2) High Distribution loss
As per the power utility’s data, Nepal witnessed energy leakage of 11.28% in the FY 2018/19. In the past three years, the power utility has been able to reduce losses to 15.23% from 25.78% in FY 2015/16. In the FY 2017/18 the power utility lost 1156.85 GWh out of total available 7551.23 Gwh.
High system losses has been a major challenge for the power engineers in Nepal. Because of poorly maintained transformers, substations and transmission line, significant energy is lost yearly resulting in loss of revenue amounting to millions of rupees. However, NEA has been working tirelessly to upgrade the transmission system of Nepal. In the previous fiscal year only, Nepal added more than 600 km of power lines and 30 distribution substations. The utility is planning to spend more than 50% of the budget for the current fiscal year in increasing the capacity of transmission lines and power distribution infrastructure. Upgrading the existing substations and building new transmission lines and distribution grids in strategic industrial zones are expected to improve the reliability of electricity transmission throughout the grid.
3) Major dependency in ROR projects
Nepalese generation is highly ROR dependent. As per FY 2018/2019 the generation mix of Nepal is as follows:
ROR: 701 MW (56.08%)
PROR: 335 MW (26.80%)
Storage: 92 MW (7.36%)
Others: 122 MW (9.76%)
More than half of Nepalese generation comes from Run-of-River plants. These plants have an obvious draw back; they can’t be fully operated all around the year. The rivers of Nepal have seasonal variation in flow i.e. they have high discharge rate during rainy season and low discharge during dry season. This unfortunately coincides negatively with the demand of the country as general statistics show that power demand is more during winter and less in summer. Thus, Nepal is highly dependent onto India for meeting the power demand during the winter period. While Peaking Run-of-River (PROR) plants provide greater flexibility in operation and are capable of bridging gap between water availability and power demand, the additional cost of storage facilities required for PROR plants make their energy costlier than energy generated by ROR plants.

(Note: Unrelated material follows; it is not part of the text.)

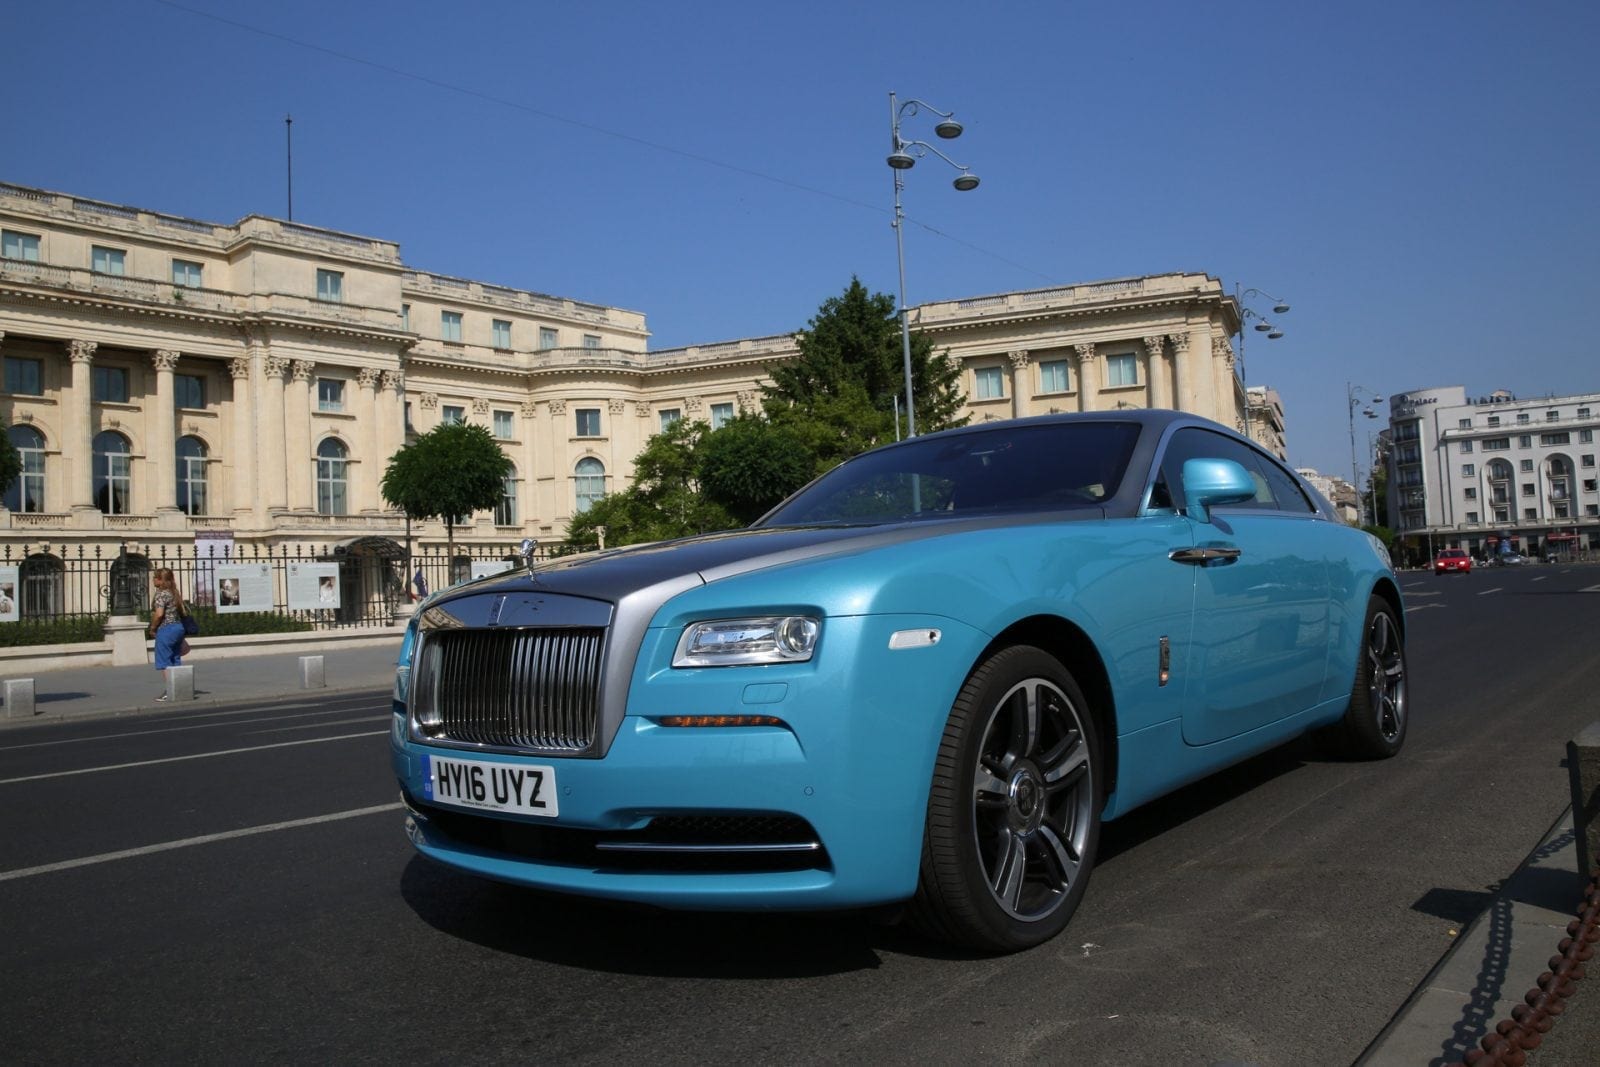 Rolls-Royce Motor Cars Ltd

Besides, no incentives are provided to PROR plants owing to their extra cost. But to meet the morning and evening peak, dry season peak PROR plants are most.
4) Regulated Power System Model
Nepal’s power system had a vertically integrated monopoly before the introduction of “Hydropower Development Policy -1992” and “Nepal Electricity Act-1992”. With the initiation of these policies deregulation of power system in Nepal started to take place. These policies acted as an invitation for private sectors to invest in power sector development. Investor friendly legal arrangements like tax incentives, one window arrangement, Power Purchase Rate (PPR), De-licensing up to 1MW, protection from change in law etc. were some of the initiatives taken in this act.
However, NEA still has upper hand in all forms of policy changes and PPA. Energy pooling and wholesale competition in all stages i.e. generation, transmission and distribution needs to be implemented for a completely free model of power system. And even though, for a developing country like Nepal, a single entity or organization cannot afford the capital and cost of large scale hydropower development, private entities have indeed proven their capabilities for small scale plants as can be seen from the construction of Khimti, Bhotekoshi, Indrawati and Chilime hydropower which are all privately owned and operated.